Z.: And I think this also applies to the reverse, when praising a person.
R.A.: Sure. If you idealize a person and believe that he is perfect, then afterwards naturally comes disappointment, the idol falls, shatters, and then you go to the opposite excess: “he is a monster; he was false, etc.” No, it’s a human being, it’s a mixture of grays; first you thought it was white, then you say, “then it’s black,” no, it’s a range of grays, or an alternation of black and white.
It is the same even for physical sensations. I have said several times, as the director of the Office of Optics said, “We attribute certain qualities to objects, for example, colors: red, green, etc., but it is not that the object is red or is green; the object simply give off certain vibrations that to our consciousness give the sensation of red and green, but to the color-blind they do not.”

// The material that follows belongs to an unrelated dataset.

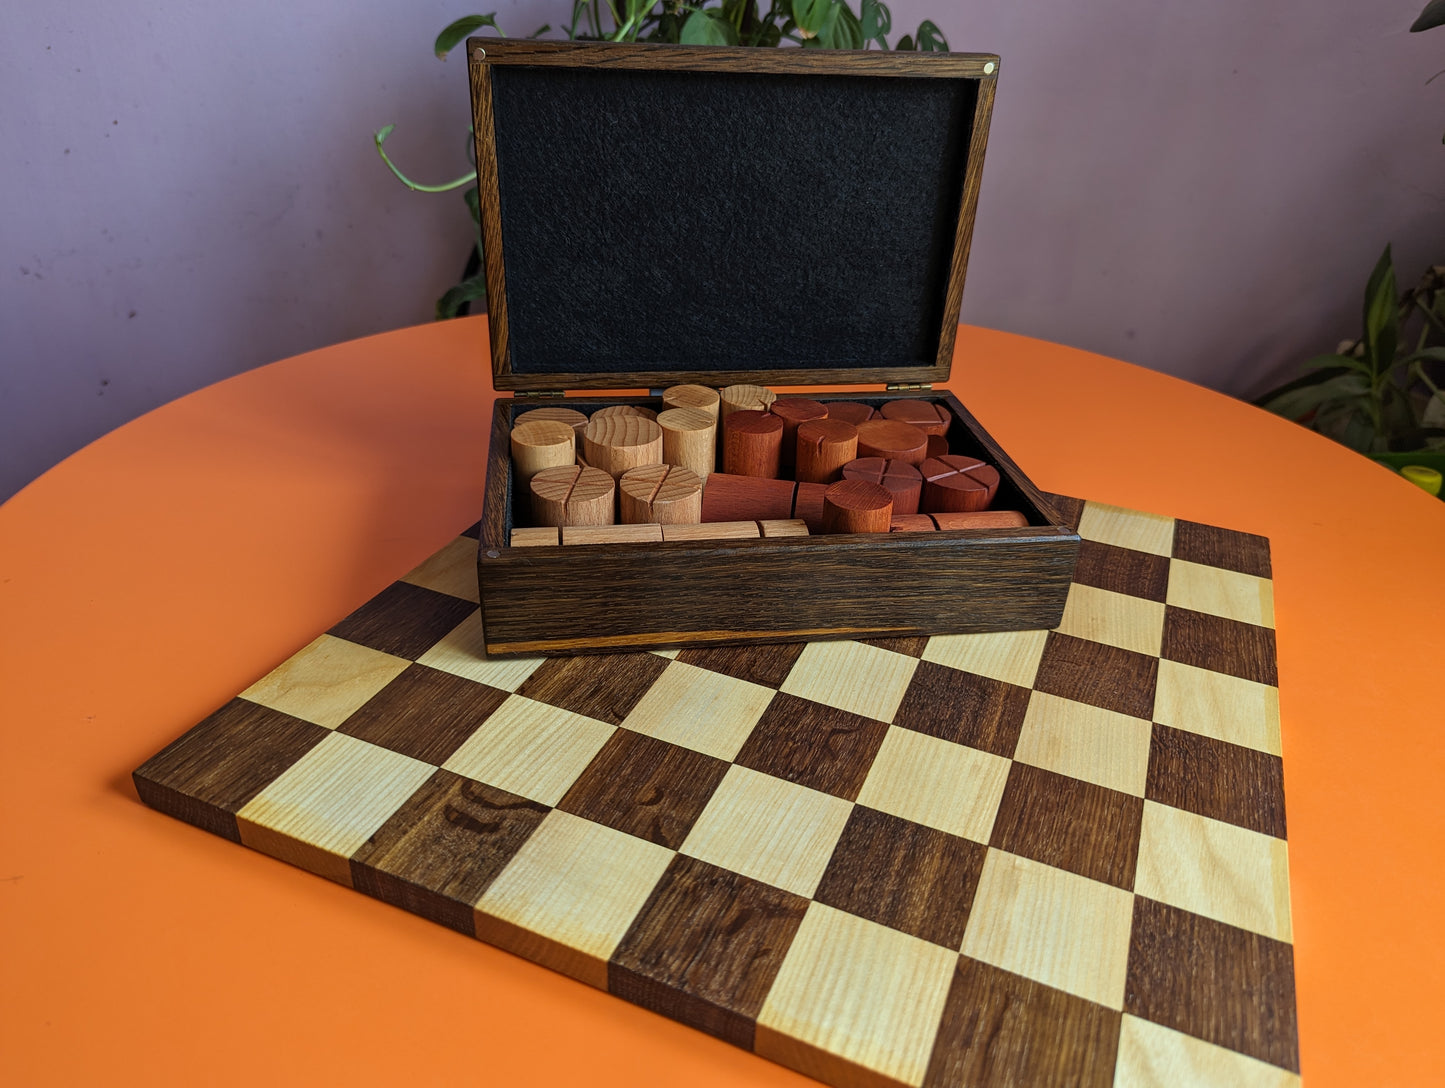 Wooden Chess Set by WoodIdeas. Beech wood handmade Modern chess

And so for hot and cold; sometimes there are arguments, “it’s hot today”— “but no, it’s cold.” There is no such thing as objective hot and cold, and here is an amusing experiment that proves it: let’s take three containers, in the first one there is water at 5 degrees, in the second one at 15 degrees and in the third one at 30 degrees. Now we put our left hand in the container at 5 degrees and our right hand in the container at 30 degrees for a few minutes; then we take our hands out and put both of them in the container at 15 degrees. What happens? — the left hand feels the water as hot, the right hand feels it is cold by contrast. If you ask the question, “Is this water hot or is it cold?” it turns out that the question that makes no sense. It is not that the water is hot or cold, but it gives us the sensation of hot or cold by contrast to the previous sensation.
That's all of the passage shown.